Já que o assunto de hoje envolve a psicologia, antes de entrar no mérito eu preciso fazer uma confissão, para que os leitores compreendam um pouco do “estilo literário” ambíguo deste que vos fala: o eu-narrador destes artigos sofre de dupla personalidade.

É estranho, eu sei (e eu concordo). Sou tanto o que vos fala aqui de fora dos parenteses (e eu, que habito o imprevisível mundo entre estes dois caracteres). É de se esperar, vez ou outra, que quando eu abra um parenteses, eu acabe dando voz à um outro ser, mais sarcástico e menos ponderado, mais sincero e menos polido (vou levar isso como um elogio, hein).

Talvez minha dupla personalidade até tenha tratamento (qual é, não gosta de mim?), mas tem certas coisas que não tem tratamento. Não porque sejam uma doença ou uma patologia, muito pelo contrário. É porque simplesmente são o que são, sem que seja algo ruim ou que faça mal à qualquer pessoa, inclusive à ela mesma.

Mas a sociedade, sempre retrógrada e imbuída de um grau incrível de pseudo-cientificismo, de misticismo e muitas vezes de superstição, ainda crê que determinadas características sejam problema para alguém. Pobre do gato que nasceu preto.

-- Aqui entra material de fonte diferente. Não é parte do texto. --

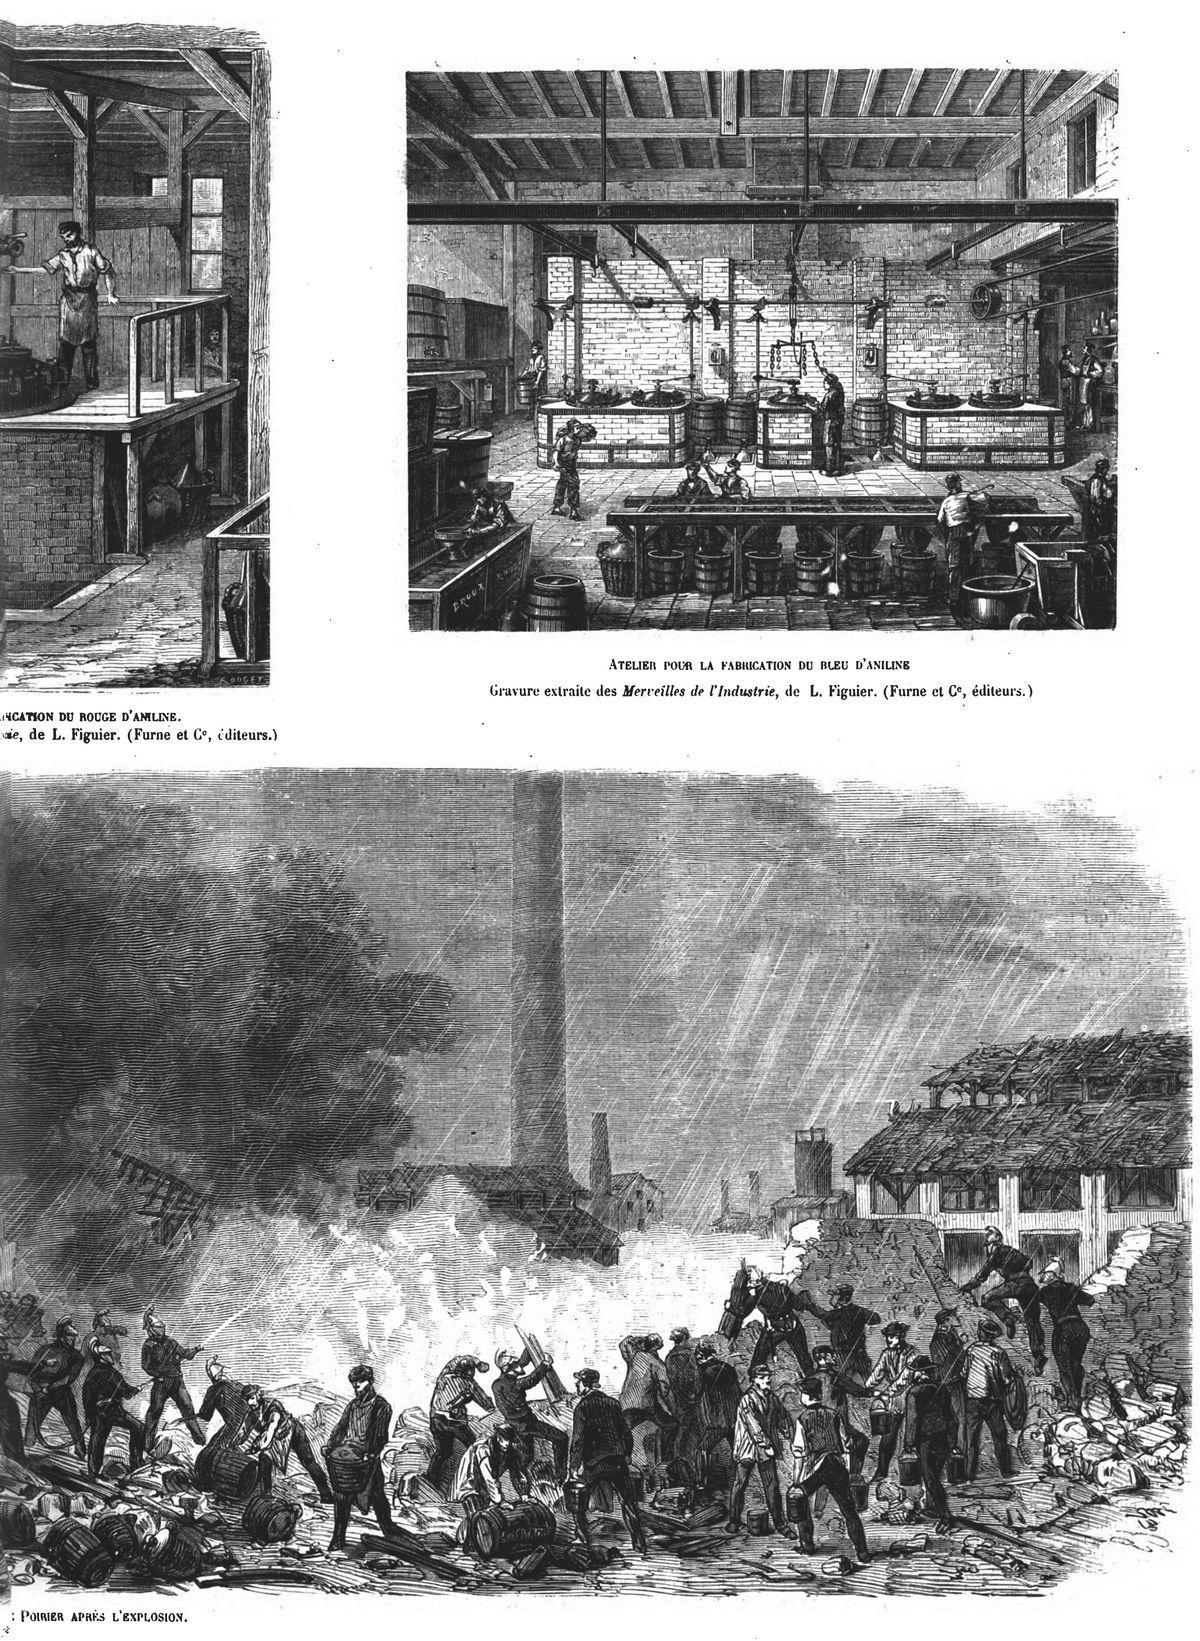 L'explosion de Saint-Denis : -Atelier pour la préparation du violet de Paris; Chaudière servant à la fabrication du rouge d'aniline; Atelier pour la fabrication du bleu d'aniline ; Aspect des ruines de l'usine Poirier après l'explosion

A história, outra ciência, também nos mostra que, ciclicamente, nos deparamos com estas anomalias sociais. Há tempos atrás, ser canhoto era um problema muito sério. E essas coisas acabam sempre respigando no direito. Cesare Lombroso, conhecido como o “pai da criminologia”, chegou afirmar que aos canhotos faltam senso sobre a moral, sendo estes mais suscetíveis às psicopatias, à criminalidade e à violência. Lombroso era médico.

Cesare Lombroso

E assim, assutados com as voltas que esse mundo já deu (e continua dando) chegamos à questão (que só é polêmica porque falta bom senso e vontade de estudar para muitas pessoas) da homossexualidade. Para falar a real, eu nem vou perder meu tempo falando sobre a questão, senão ressaltar que não se trata, sob hipótese nenhuma, de qualquer tipo de problema de saúde ou de patologia.

Se você tiver interesse em saber mais sobre o assunto, recomendo muitíssimo esse vídeo, do Pirula (Paulo Miranda Nascimento), que é biólogo e paleontólogo, mestre e doutor pela USP, que explica, bem certinho, praticamente tudo sobre o assunto. O vídeo tem cerca de 30 minutos de duração, mas resume bem décadas de estudos científicos e coloca, parafraseando o próprio vídeo, um ponto final da questão. Vale mesmo à pena assistir. Eu até espero.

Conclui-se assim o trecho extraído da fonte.